By George Will
WASHINGTON — A simple reform would drain some scalding steam from immigration arguments that
may soon again be at a roiling boil. It would bring the interpretation of the 14th Amendment
into conformity with what the authors of its text intended, and with common sense, thereby
removing an incentive for illegal immigration.
To end the practice of “birthright citizenship,” all that is required is to correct the misinterpretation of that amendment’s first sentence: “All persons born or naturalized in
the United States, and subject to the jurisdiction thereof, are citizens of the United States and of the state wherein they reside.” From these words has flowed the practice of conferring citizenship on children born here to illegal immigrants.
A parent from a poor country, writes professor Lino Graglia of the University of Texas law
school, “can hardly do more for a child than make him or her an American citizen, entitled
to all the advantages of the American welfare state.” Therefore, “It is difficult to imagine
a more irrational and self-defeating legal system than one which makes unauthorized entry into
this country a criminal offense and simultaneously provides perhaps the greatest possible inducement to illegal entry.”
Writing in the Texas Review of Law and Politics, Graglia says this irrationality is rooted in a misunderstanding of the phrase “subject to the jurisdiction thereof.” What was this intended or understood to mean by those who wrote it in 1866 and ratified it in 1868? The
authors and ratifiers could not have intended birthright citizenship for illegal immigrants
because in 1868 there were and never had been any illegal immigrants because no law ever had restricted immigration.
If those who wrote and ratified the 14th Amendment had imagined laws restricting immigration — and had anticipated huge waves of illegal immigration — is it reasonable to presume they would have wanted to provide the reward of citizenship to the children of the violators of those laws?

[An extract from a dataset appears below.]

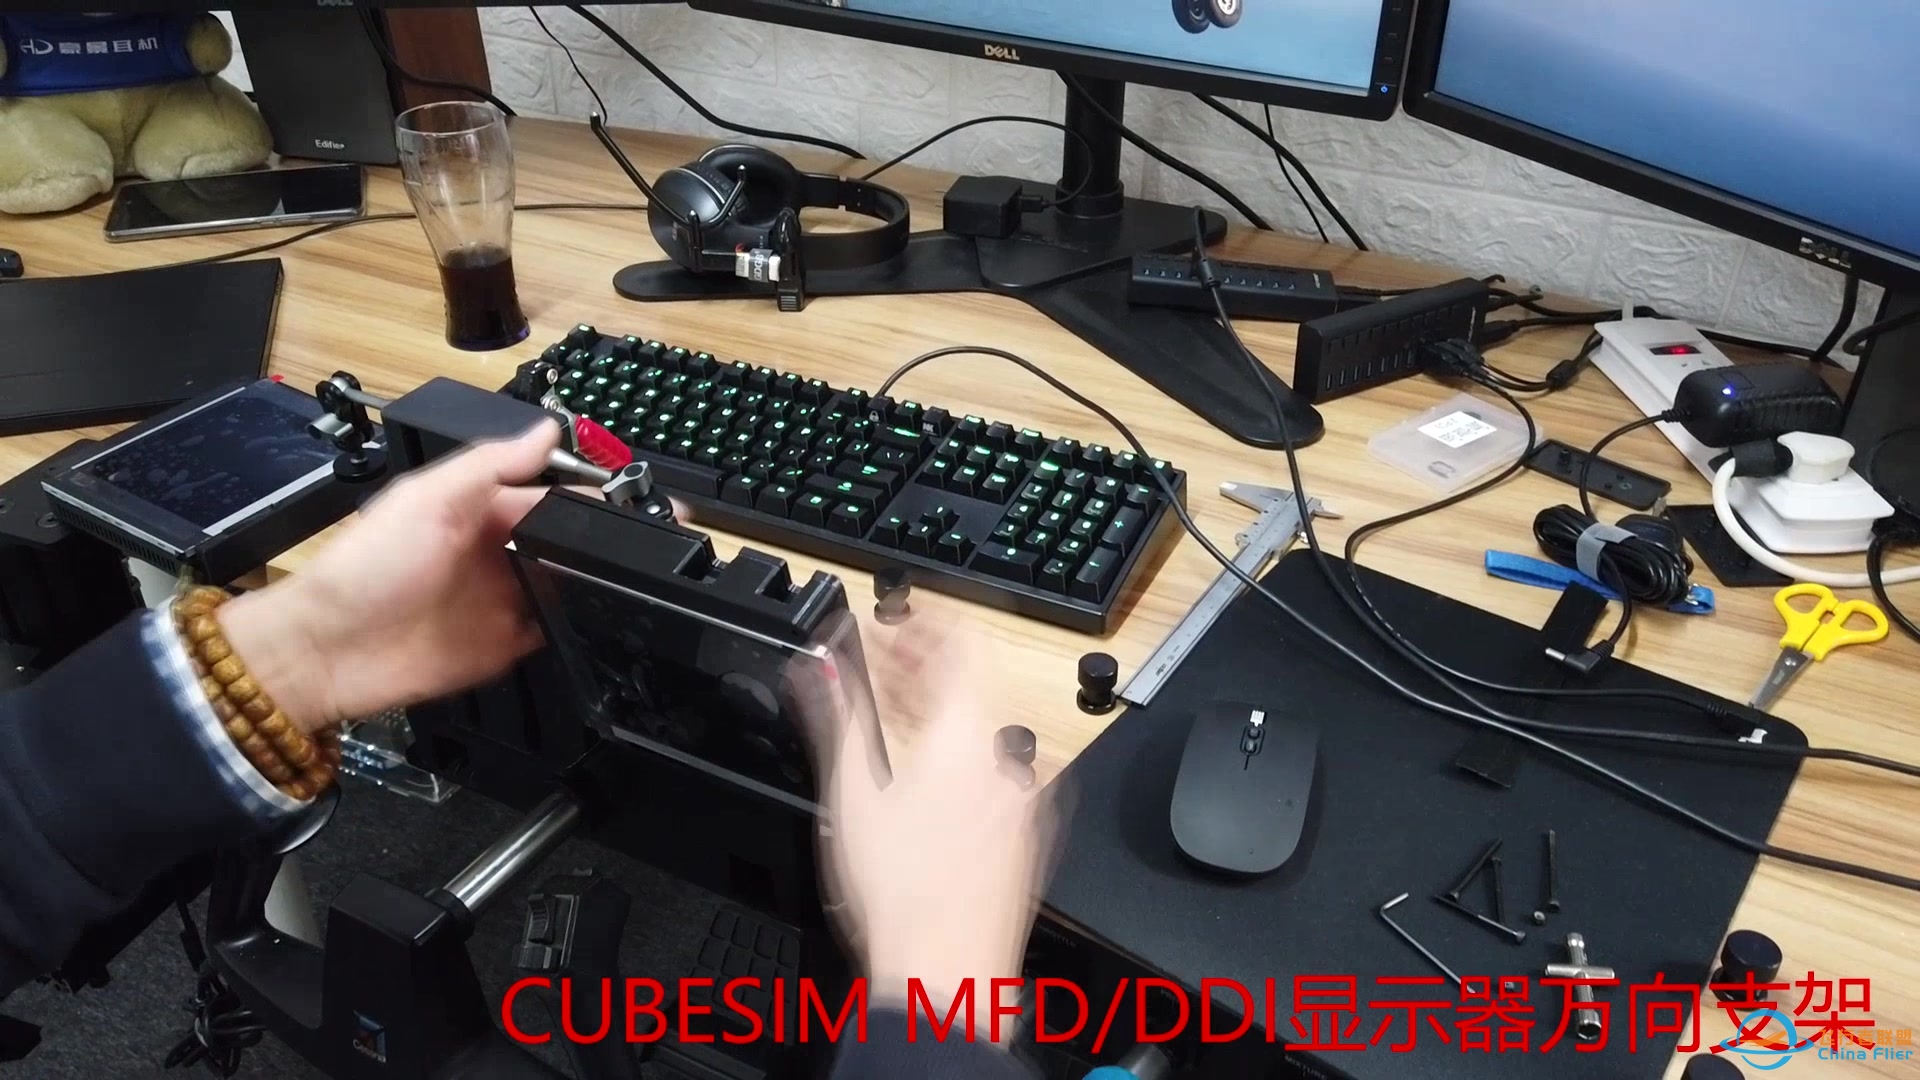 CUBESIM 飞行摇杆&amp;amp;MFD/DDI显示器 桌面支架-403

The Civil Rights Act of 1866 begins with language from which the 14th Amendment’s Citizenship Clause is derived: “All persons born in the United States, and not subject to any foreign power,
excluding Indians not taxed, are hereby declared to be citizens of the United States.”
The explicit exclusion of Indians from birthright citizenship was not repeated in the 14th Amendment because it was considered unnecessary. Although Indians were at least partially subject to U.S. jurisdiction, they owed allegiance to their tribes, not the United States. This reasoning — divided allegiance — applies equally to exclude the children of resident aliens, legal as well as illegal, from birthright citizenship. Indeed, today’s regulations issued by the departments of Homeland Security and Justice stipulate:
- “A person born in the United States to a foreign diplomatic officer accredited to the United States, as a matter of international law, is not subject to the jurisdiction of the United
States. That person is not a United States citizen under the 14th Amendment.”
Sen. Lyman Trumbull of Illinois was, Graglia writes, one of two “principal authors of the
citizenship clauses in 1866 act and the 14th Amendment.” He said that “subject to the
jurisdiction of the United States” meant subject to its “complete” jurisdiction, meaning
“not owing allegiance to anybody else.” Hence children whose Indian parents had tribal
allegiances were excluded from birthright citizenship.
Appropriately, in 1884 the Supreme Court held that children born to Indian parents were not born “subject to” U.S. jurisdiction because, among other reasons, the person so born could not change his status by his “own will without the action or assent of the United States.” And “no one can become a citizen of a nation without its consent.” Graglia says this decision “seemed to establish” that U.S. citizenship is “a consensual relation, requiring the consent of the United States.” So: “This would clearly settle the question of birthright citizenship for children of illegal aliens. There cannot be a more total or forceful denial of consent to a person’s citizenship than to make the source of that person’s presence in the nation illegal.”
Congress has heard testimony estimating that more than two-thirds of all births in Los Angeles
public hospitals, and more than half of all births in that city, and nearly 10 percent of all
births in the nation in recent years, have been to illegal immigrant mothers. Graglia seems
to establish that there is no constitutional impediment to Congress ending the granting of
birthright citizenship to persons whose presence here is “not only without the government’s
consent but in violation of its law.”